13.3.2 More Complex Transforms

OK, so far so good, and the 1D change of variables is fairly intuitive. But how do we extend this to higher dimensions? For higher dimensions, the change-of-variables formula generalizes to: \[ p_X(\mathbf{x}) = p_Z(f^{-1}(\mathbf{x})) \left\lvert \det \frac{\partial f^{-1}(\mathbf{x})}{\partial \mathbf{x}} \right\rvert = p_Z(\mathbf{z}) \left\lvert \det \frac{\partial f(\mathbf{z})}{\partial \mathbf{z}} \right\rvert^{-1}. \]

where \(\mathbf{x}, \mathbf{z} \in \mathbb{R}^D\) are now \(D\)-dimensional vectors, and the Jacobian (J) \(\frac{\partial f(\mathbf{z})}{\partial \mathbf{z}}\) is a \(D \times D\) matrix of partial derivatives: \[ \frac{\partial f(\mathbf{z})}{\partial \mathbf{z}} = \begin{bmatrix} \frac{\partial f_1(\mathbf{z})}{\partial z_1} & \frac{\partial f_1(\mathbf{z})}{\partial z_2} & \cdots & \frac{\partial f_1(\mathbf{z})}{\partial z_D} \\ \frac{\partial f_2(\mathbf{z})}{\partial z_1} & \frac{\partial f_2(\mathbf{z})}{\partial z_2} & \cdots & \frac{\partial f_2(\mathbf{z})}{\partial z_D} \\ \vdots & \vdots & \ddots & \vdots \\ \frac{\partial f_D(\mathbf{z})}{\partial z_1} & \frac{\partial f_D(\mathbf{z})}{\partial z_2} & \cdots & \frac{\partial f_D(\mathbf{z})}{\partial z_D} \end{bmatrix} \]

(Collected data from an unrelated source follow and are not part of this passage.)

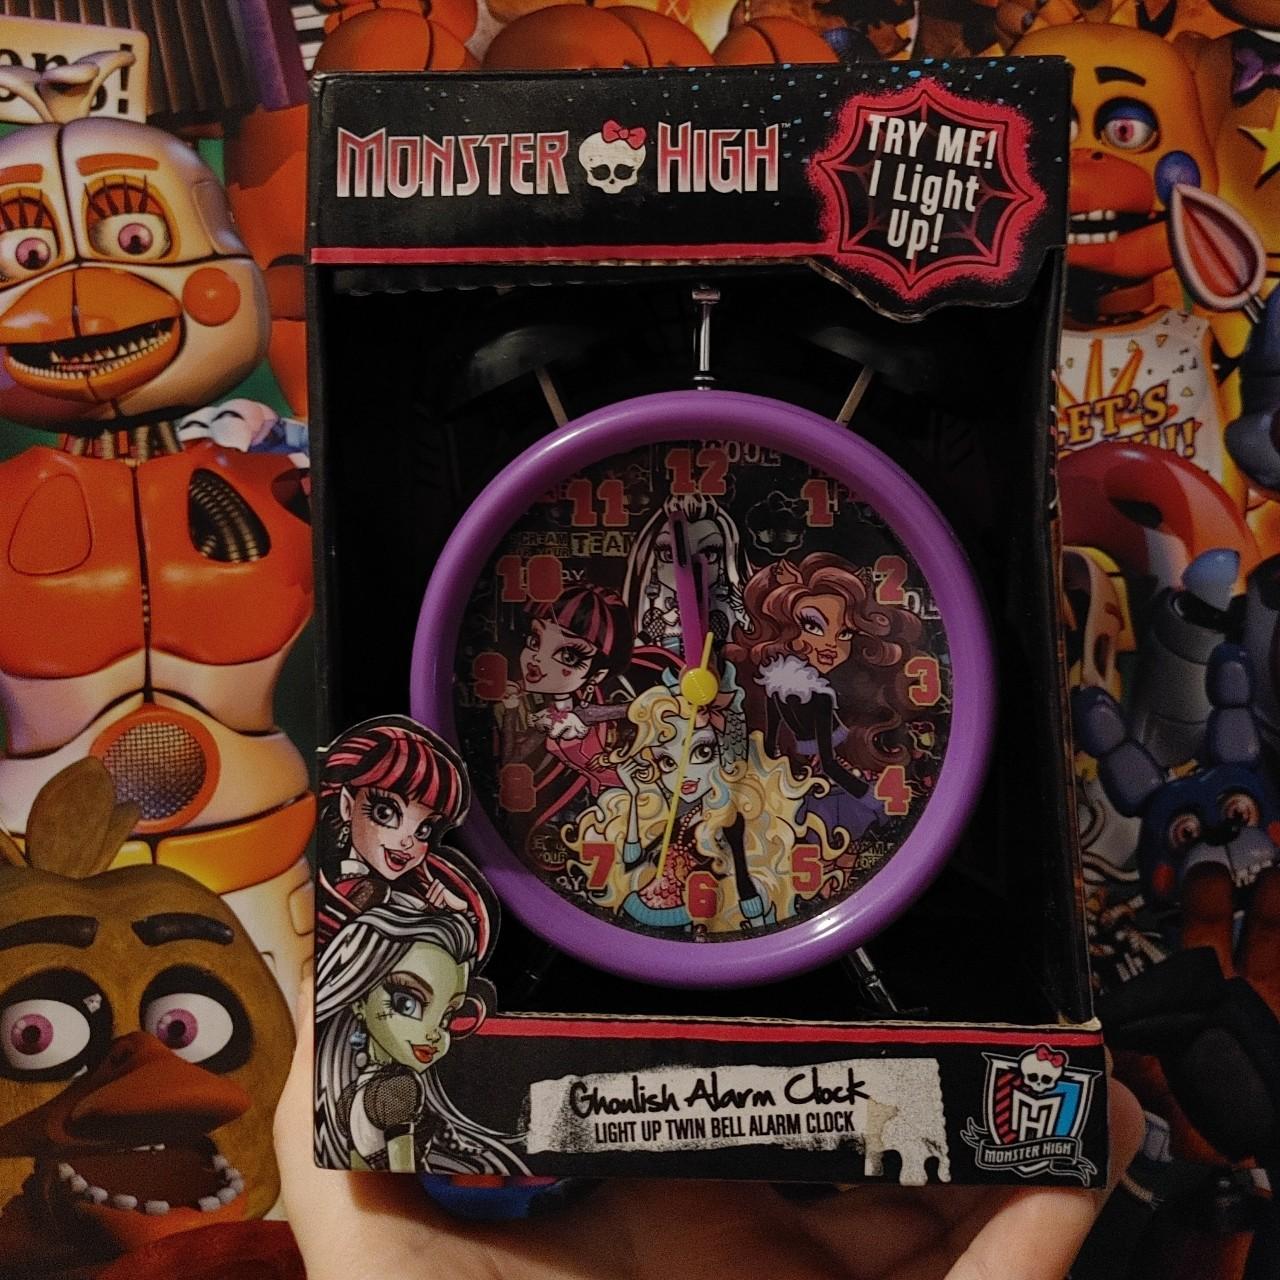 Monster High Frankie Stein Funko Pop Vinyl Figure - Depop
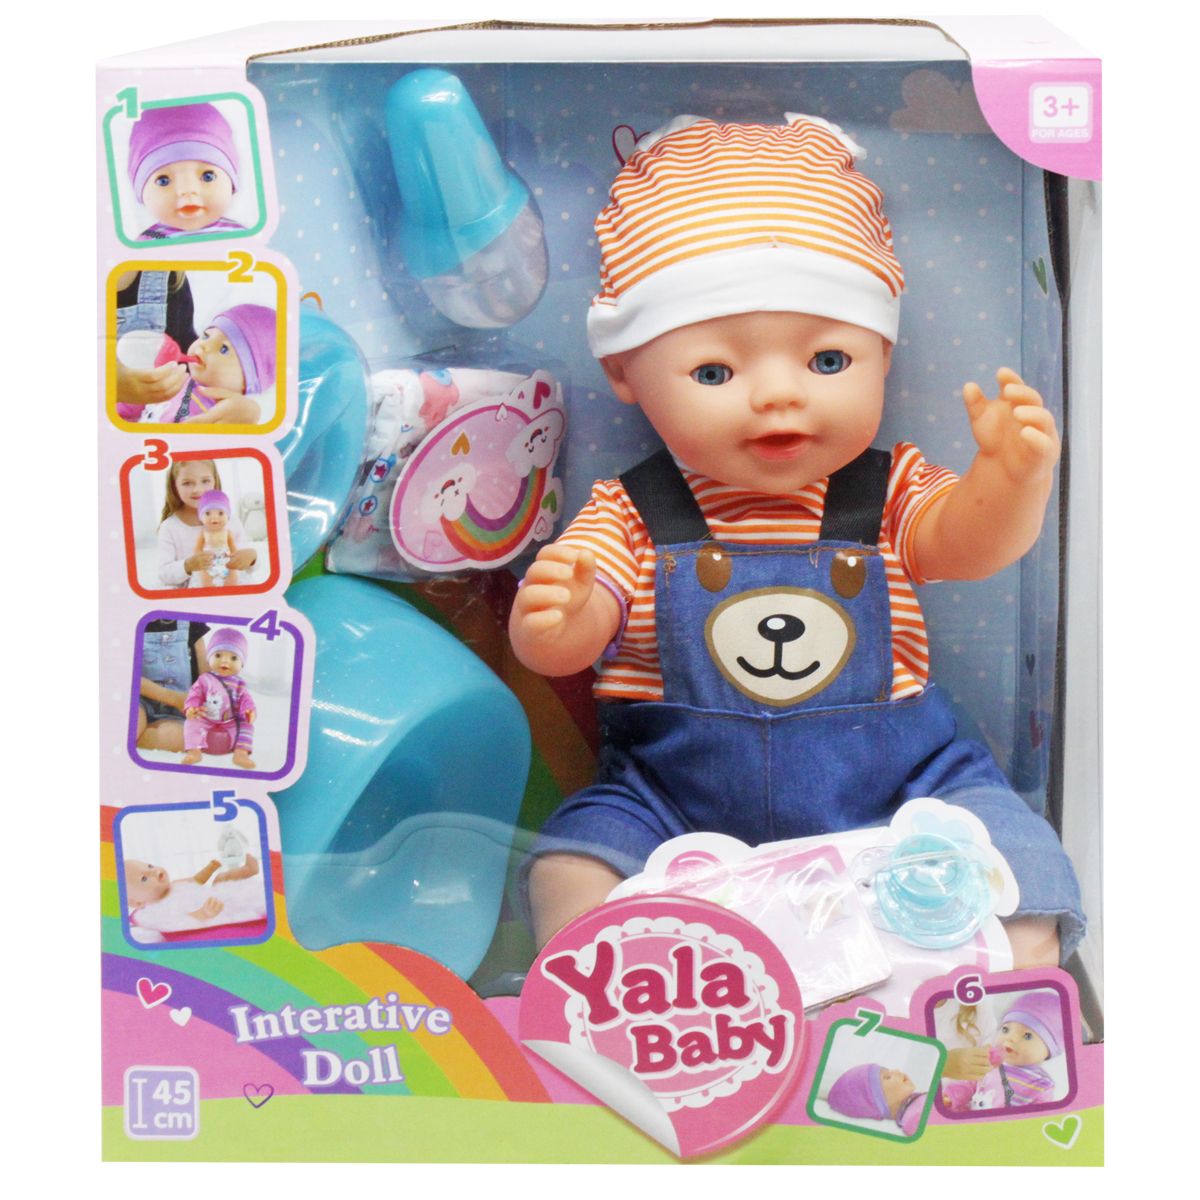 Интерактивный пупс "Yala Baby"
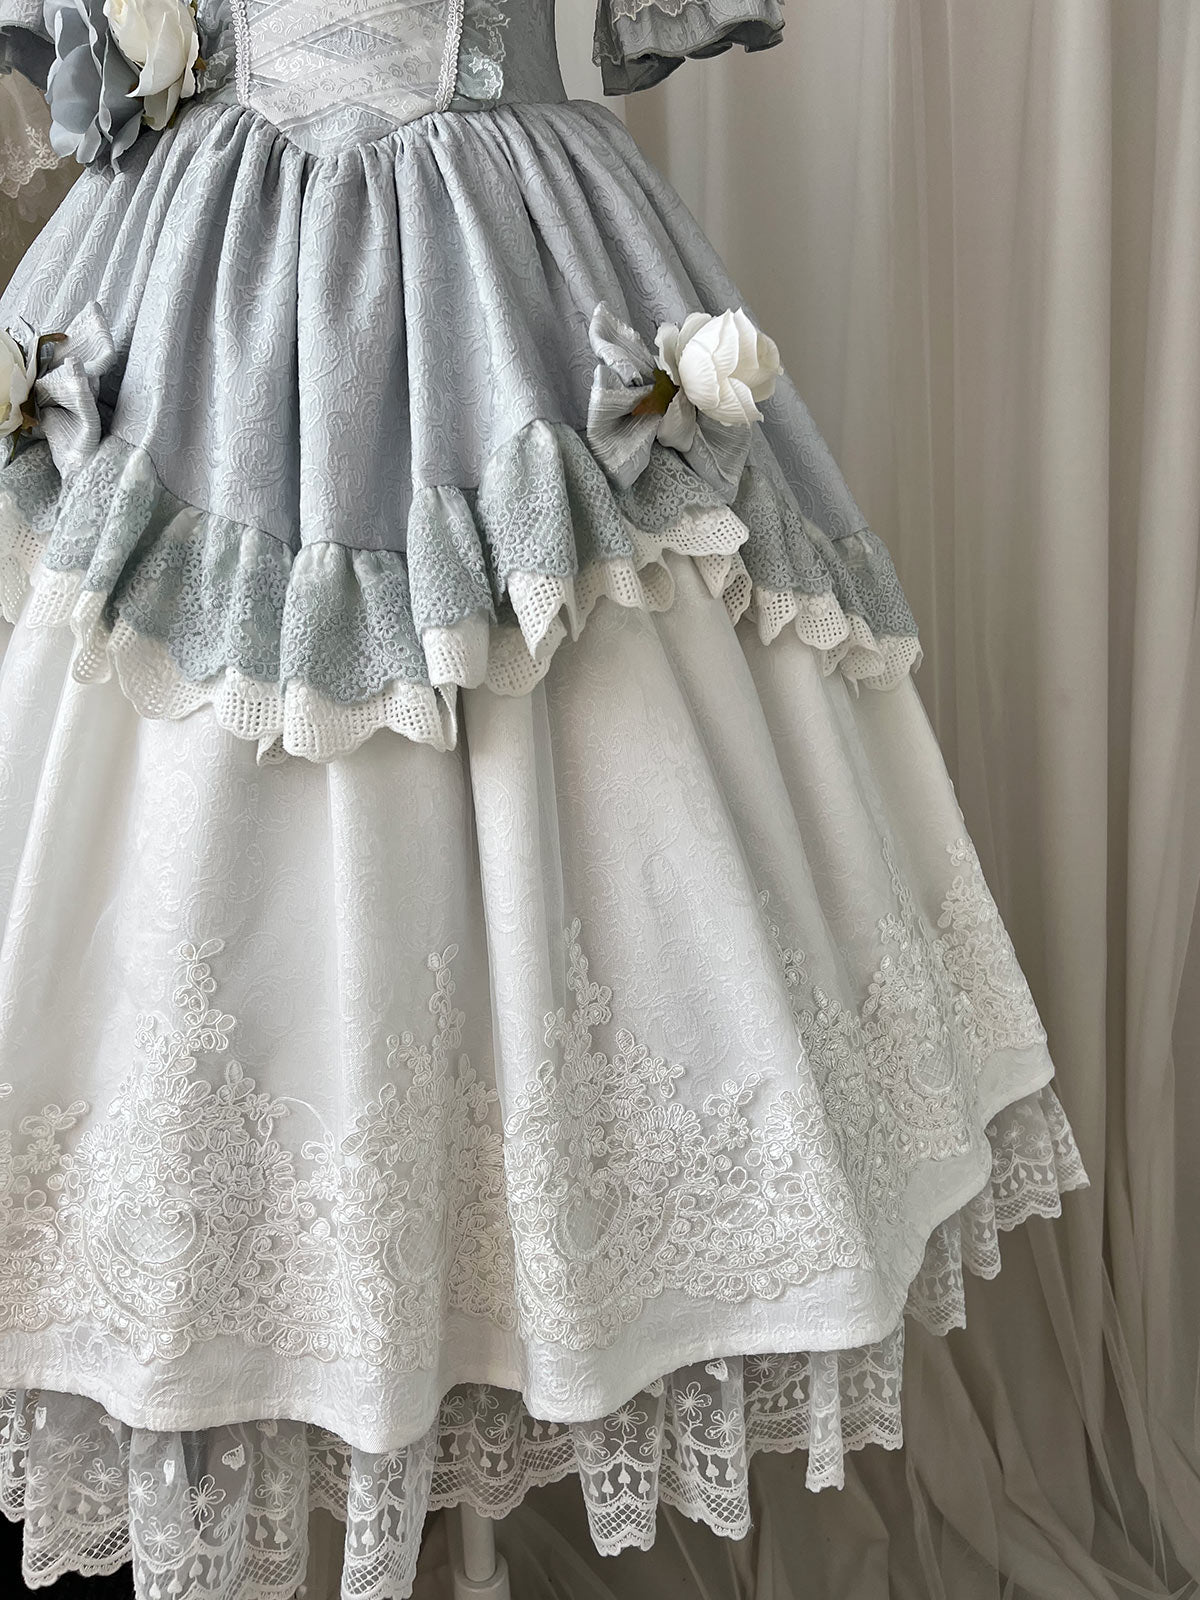 Your Princess~Fairy Dance~Elegant Lolita Lace Retro Dress

So, if we unpack the new formula, we see that the density at a point \(\mathbf{x}\) depends on the density at the corresponding point \(\mathbf{z} = f^{-1}(\mathbf{x})\) in the base distribution, scaled by the volume change induced by the transformation \(f\) at that point, as captured by the determinant of the Jacobian. As such, in normalizing flows, most of the effort goes into designing transformations \(f\) (or compositions of transformations) that are:

  1. Invertible: So we can compute \(f^{-1}(\mathbf{x})\).
  2. Tractable Jacobian Determinant: So we can efficiently compute \(\log|\det \frac{\partial f(\mathbf{z})}{\partial \mathbf{z}}|\).
  3. Expressive: So that the composition of multiple such transformations can model complex target distributions.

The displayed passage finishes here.